[WHAT THE TASK ASKS] Reproduce exactly only the lines from the line that holds "Outerstuff Babies' Little" to the line that holds "Fifish V6 - professional", inclusive, in the listing below, and please leave out every picture.

*** Opening EXTRACTED ENTRIES ***

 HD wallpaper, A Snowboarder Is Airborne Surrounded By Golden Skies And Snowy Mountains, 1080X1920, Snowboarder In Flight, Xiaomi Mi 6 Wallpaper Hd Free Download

*** Closing EXTRACTED ENTRIES ***
*** Opening EXTRACTED ENTRIES ***

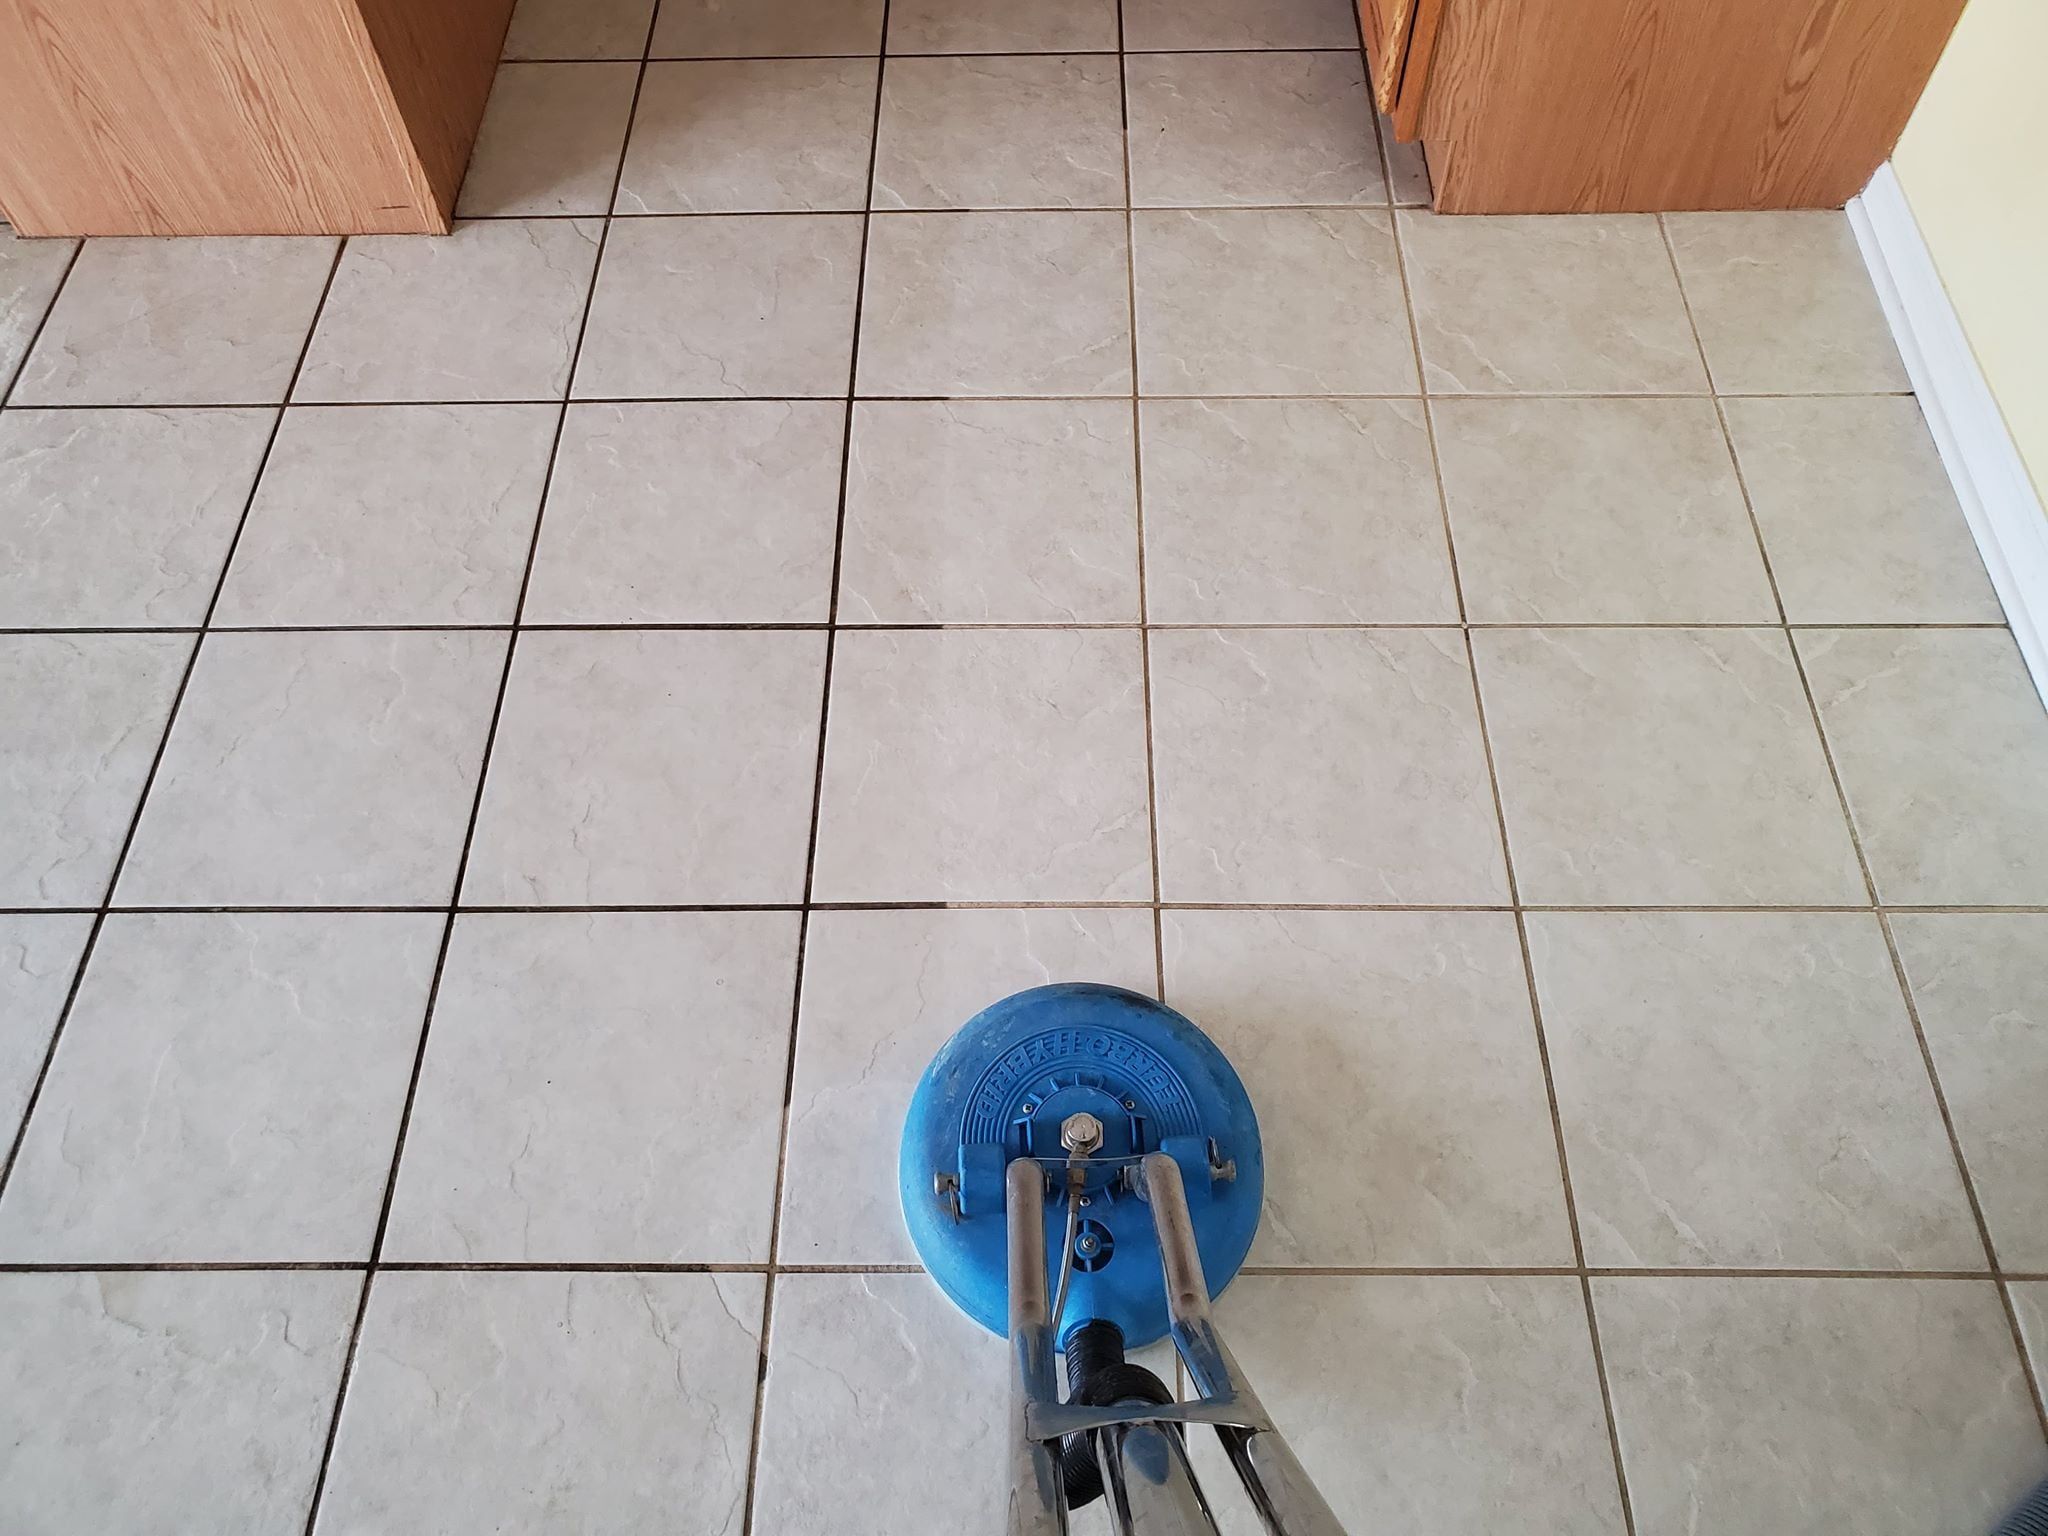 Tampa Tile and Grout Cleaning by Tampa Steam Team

*** Closing EXTRACTED ENTRIES ***
*** Opening EXTRACTED ENTRIES ***

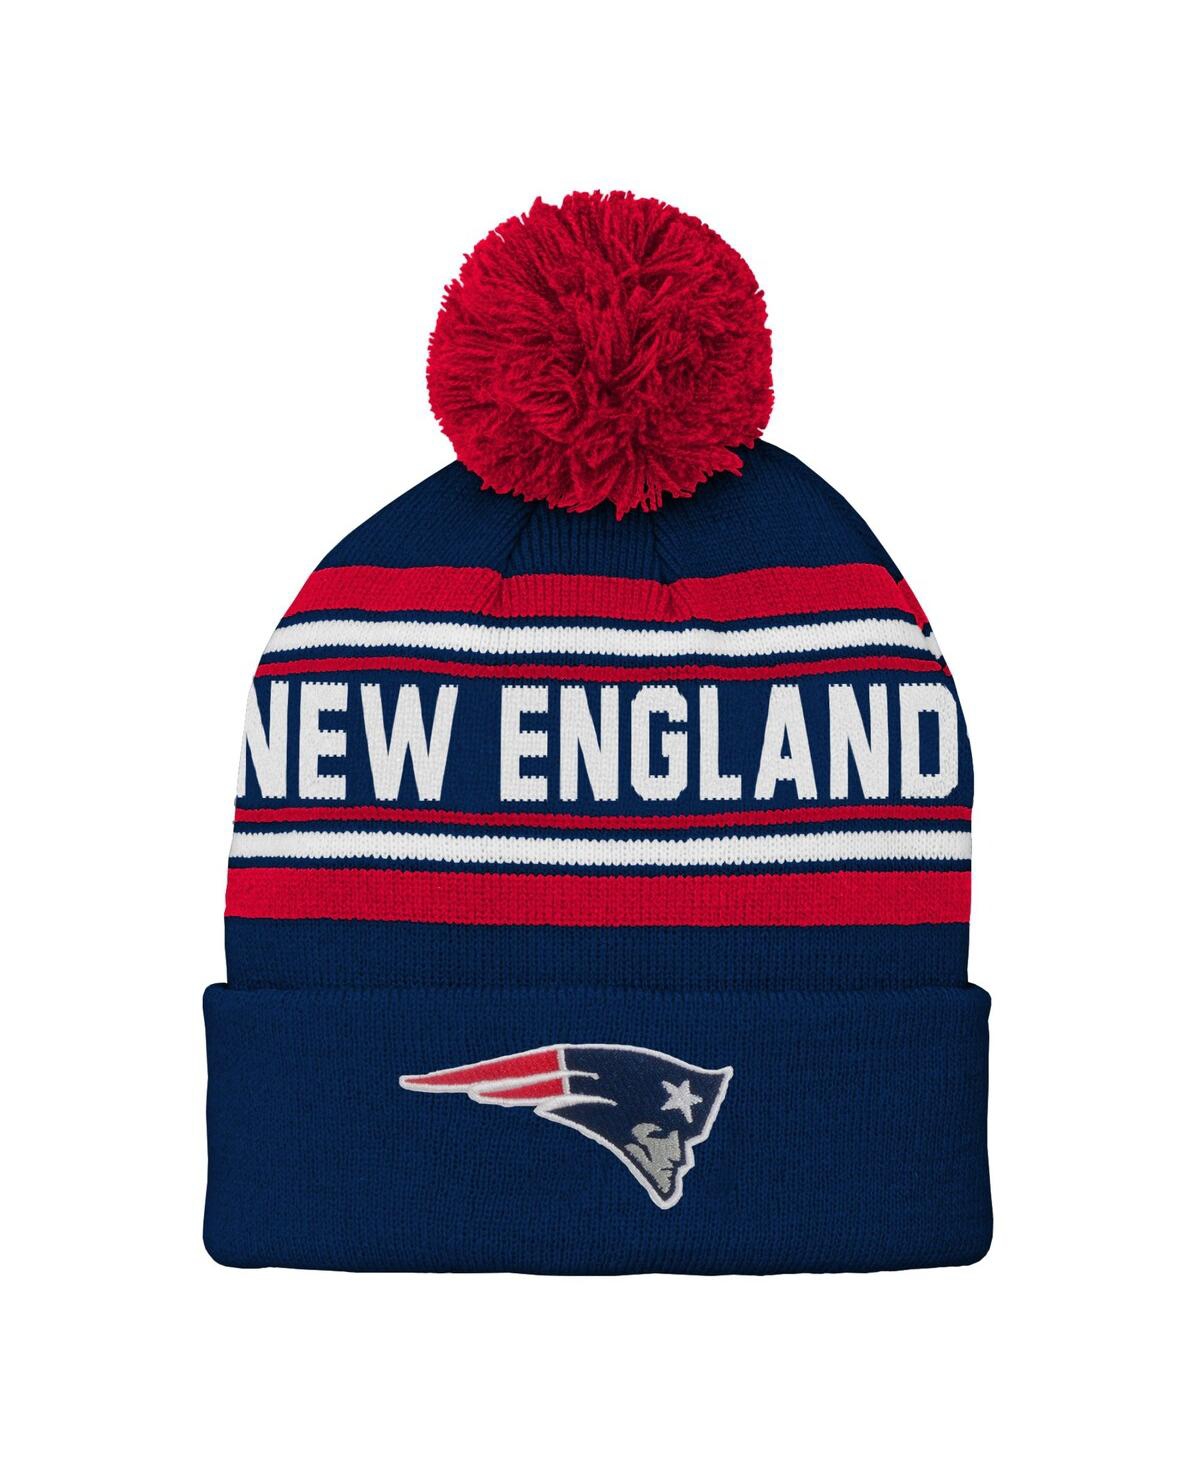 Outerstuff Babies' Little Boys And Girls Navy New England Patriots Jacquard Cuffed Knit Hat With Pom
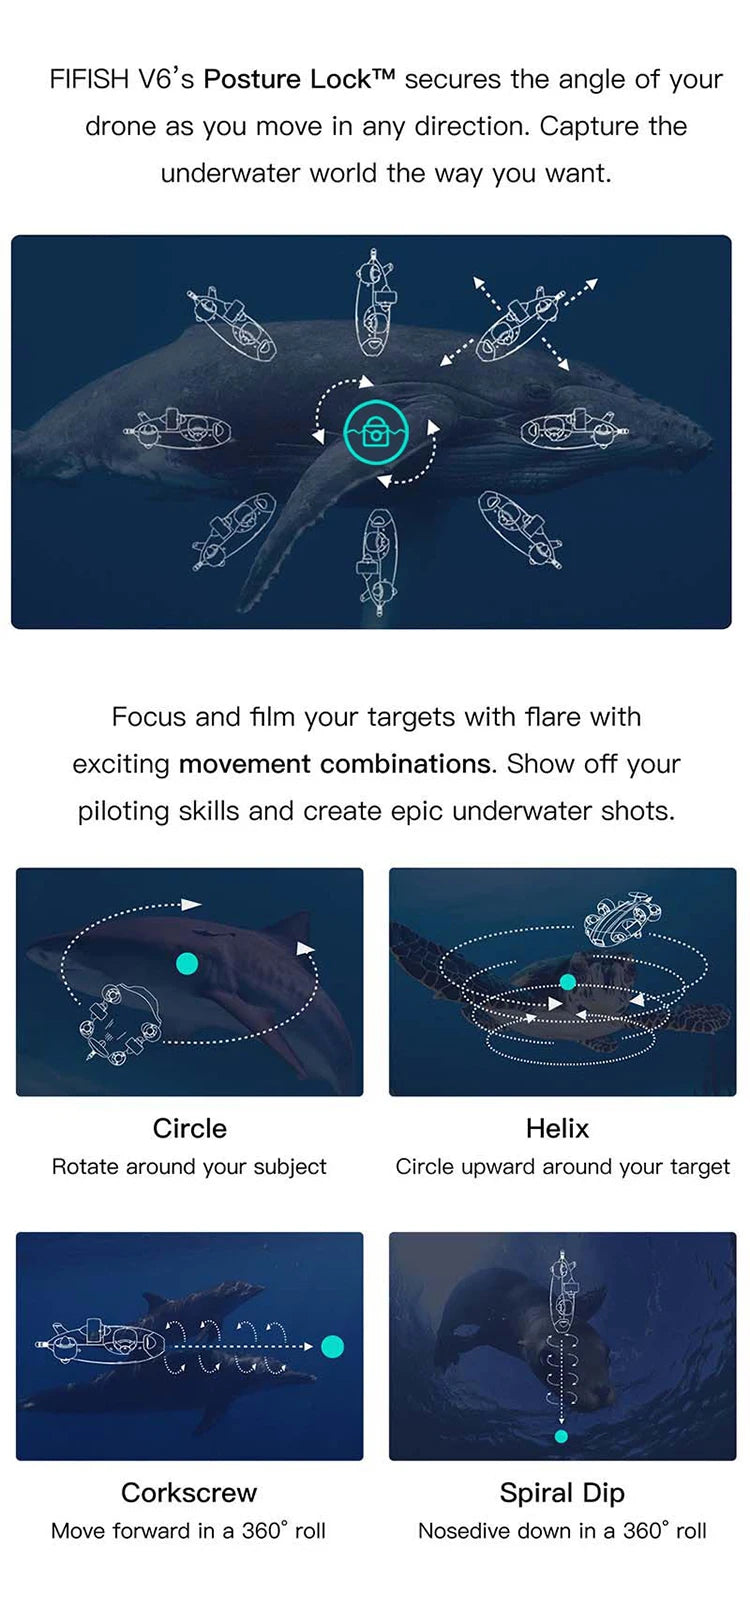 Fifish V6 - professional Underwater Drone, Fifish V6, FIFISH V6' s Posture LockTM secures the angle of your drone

*** Closing EXTRACTED ENTRIES ***

[EXERCISE RESULT]
 Outerstuff Babies' Little Boys And Girls Navy New England Patriots Jacquard Cuffed Knit Hat With Pom
 Fifish V6 - professional Underwater Drone, Fifish V6, FIFISH V6' s Posture LockTM secures the angle of your drone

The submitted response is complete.